Толстой написал очерк «Кому у кого учиться писать: крестьянским детям у нас или нам у крестьянских ребят». Работа эта и сегодня представляет собой один из лучших образчиков литературы по педагогике и психологии творчества. В ней описаны двое ребят. Один, Макаров, — рационалист, для которого пуще всего важна композиция вещи, чтобы не упустить главного и чтобы рассказ был ясен. Другой, Федька, — чистый художник, увлекающийся подробностями, которые ощущает совершенно свободно. Семка Макаров норовит сунуть в рассказ точные подробности, обрисовывавшие «только минуту настоящего, без связи к общему чувству повести». Он натуралист, но высокого класса. Федька же берет такие подробности, в которых жизнь не столько описана, сколь случайно подсмотрена. Он, например, говорит, что кум одет в бабью шубенку.

— Почему же именно в бабью?— спрашивает Толстой.

— Так похоже, — отвечает Федька и не позволяет ничего переделывать в своем сочинении.

«Человек родится совершенным, — есть великое слово, сказанное Руссо… — заканчивает очерк писатель. — Родившись, человек представляет собой первообраз гармонии, правды, красоты и добра».

Побывав вскоре опять за границей, Толстой в веймарской школе с удовольствием наблюдал, как дети писали сочинение на свободную тему. Он много думал в те дни о том, как сделать более свободным течение мысли. Дети научили его речь своих героев строить как выражение непроизвольного, естественного движения мыслей и чувств. Так он тогда работал над «Казаками», находя подтверждение своим педагогическим находкам в чтении «Илиады» и «Одиссеи».

Человека не надо насильно переделывать, рассуждает Толстой. Не надо совать ему книги, родившиеся не из жизни, а из других книг. Нельзя перевозить Федьку или Семку в город, чтобы они становились половыми, банщиками или лакеями. Надо писать для них так, как старец Гомер. Если уж он говорит, что герой его сел в лодку, то тут же расскажет вам, что это за лодка, как сделана, а не будет говорить туманными намеками и разводить непонятную никому грусть.
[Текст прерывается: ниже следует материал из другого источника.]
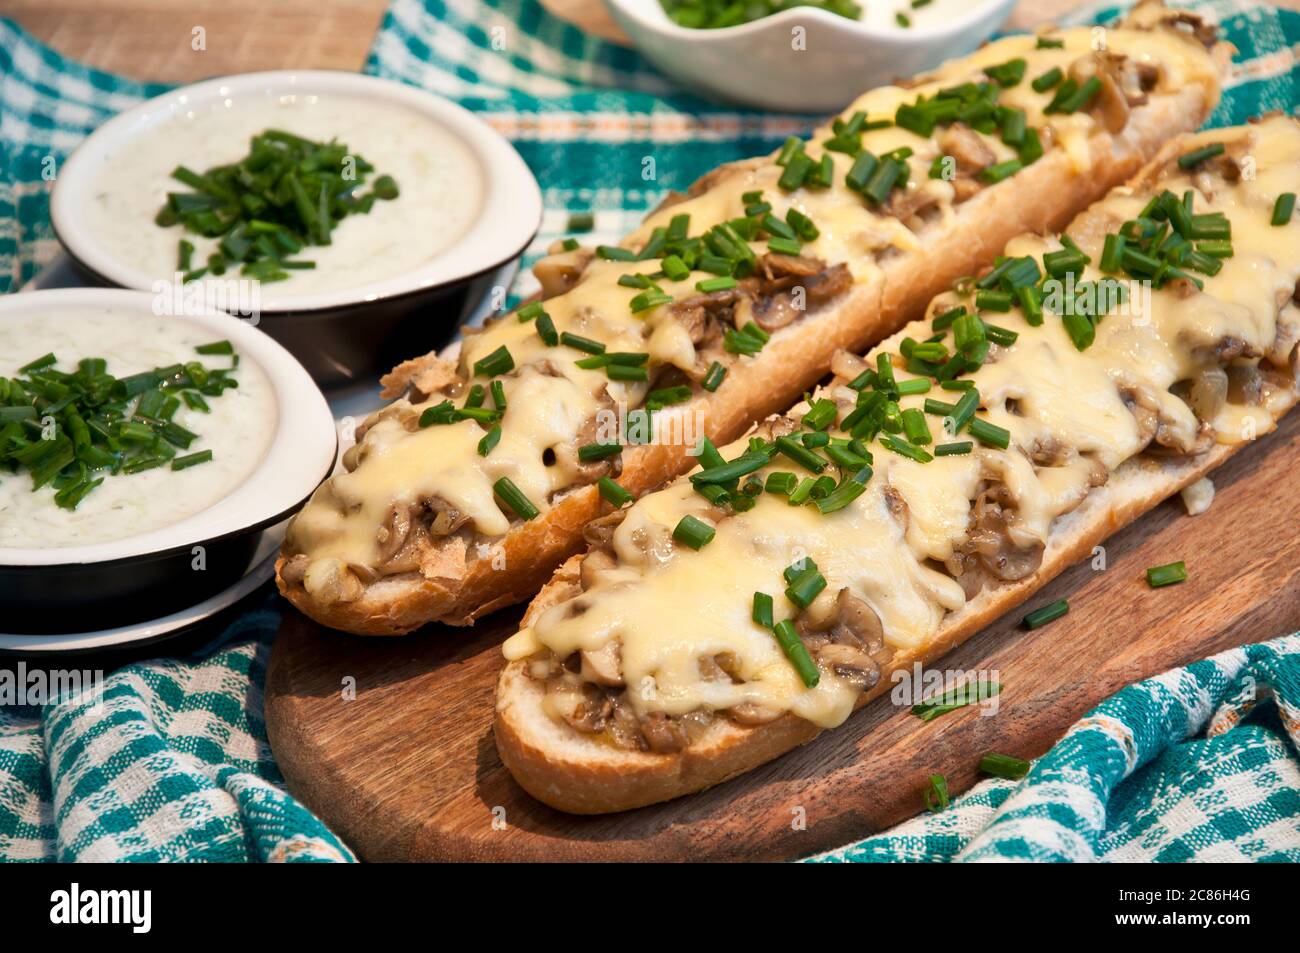 casseruola con formaggio e funghi cosparsa di erba cipollina fresca con salsa tzatziki Foto Stock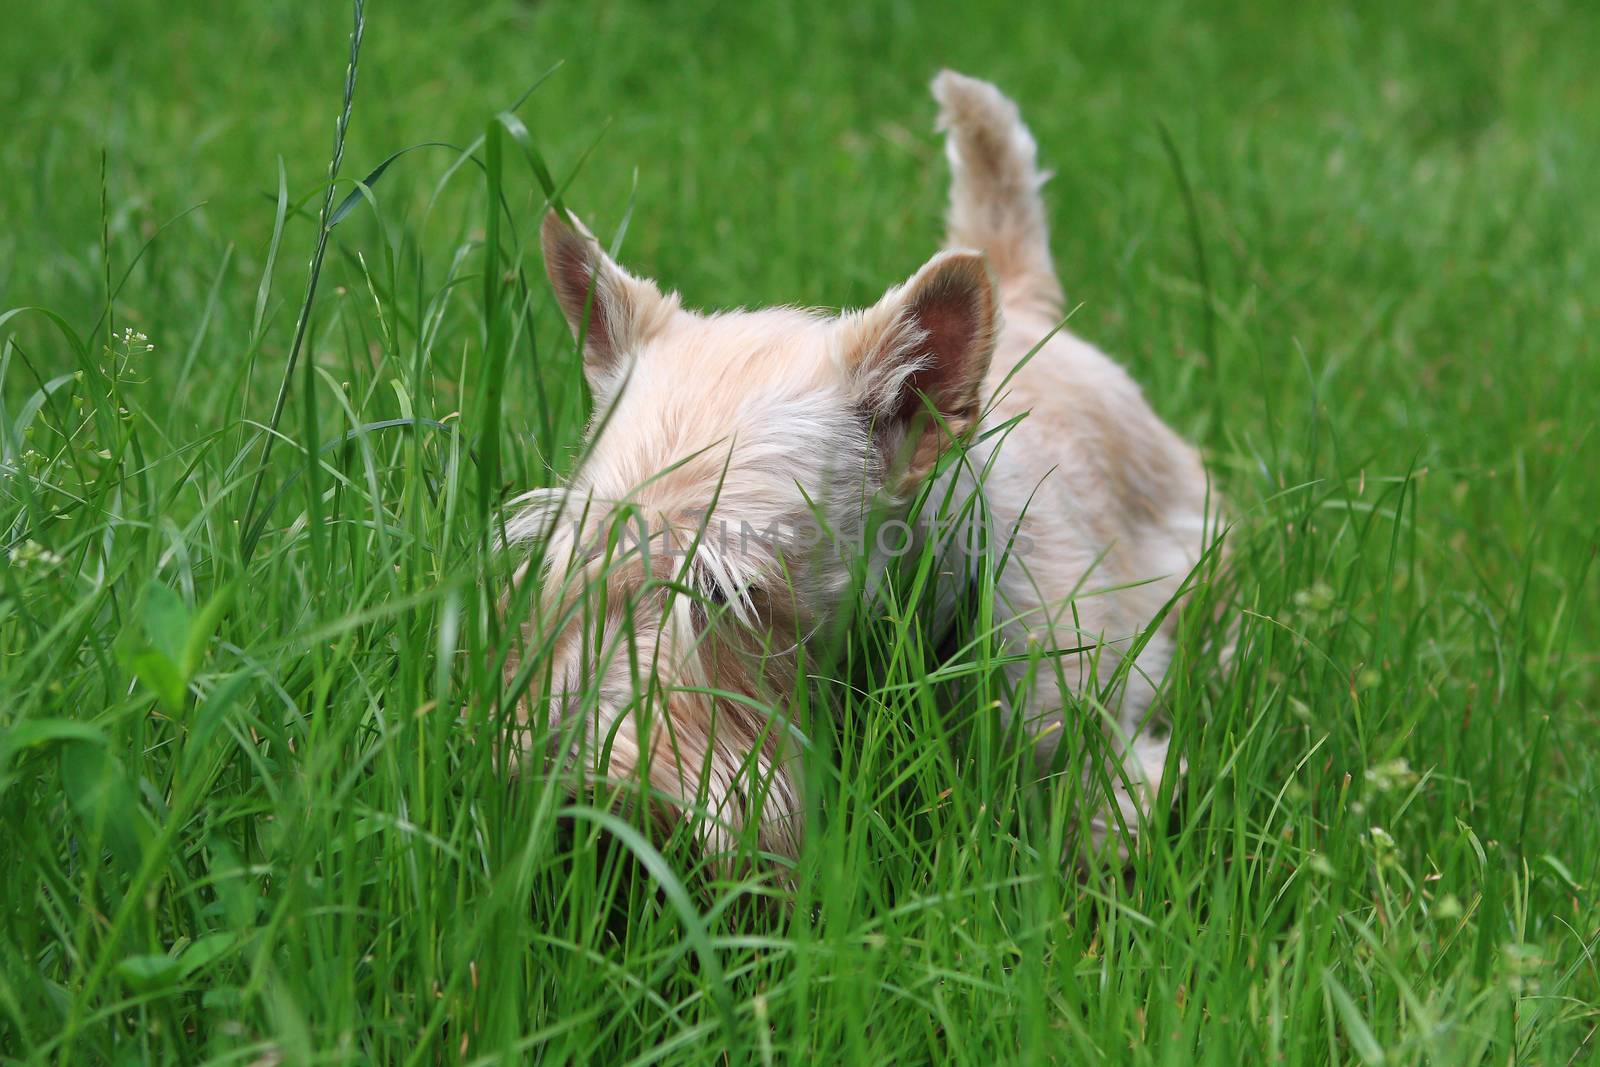 Wheaten Scottish Terrier walks in the garden by cococinema

В «Казаках» ощущалась несомненная связь с «Цыганами» Пушкина, а Оленин, конечно, был новым вариантом Алеко. Но Толстой преодолевает традицию кавказской романтики. Правда, роман не был завершен именно потому, что начат был умозрительно, рационально, по плану, как работал Семка Макаров. «Чистый художник» Федька пока еще не был превзойден своим учителем.

Во вторую свою поездку за границу писатель посетил в Лондоне Герцена, к которому относился с большим уважением и часто вспоминал такие его слова: «Когда бы люди захотели вместо того, чтобы спасать мир, спасать себя, вместо того, чтобы освобождать человечество, себя освобождать — как много бы они сделали для спасения мира и для освобождения человечества».

В то время Герцен переиздал статью, которая так и называлась— «Война и мир». Зацепка в памяти Толстого произошла тем более, что статья посвящалась царизму, будущим войнам, вождям и народу, общему сознанию, определяющему историю…

Вернувшись в Ясную, Лев Николаевич с радостью окунулся в жизнь школы. В небольших розовых и голубых комнатах он негромко, приятно и просто рассказывал детям о том, как отбили в 1812 году француза, как защищали на Черном море русский город Севастополь простые крестьяне, одетые в черные бушлаты и серые шинели.

—  Погоди же ты, — прервал рассказ учителя некий Петька, потрясая кулаками, — дай я вырасту, я же им задам!

«Попался бы нам теперь Шевардинский редут или Малахов курган, мы бы его отбили»,— вспоминает писатель урок истинного патриотизма. Не он ли, этот урок, воспитывающий в Толстом истинное понимание людей из народа, окончательно приблизил его к «Войне и миру».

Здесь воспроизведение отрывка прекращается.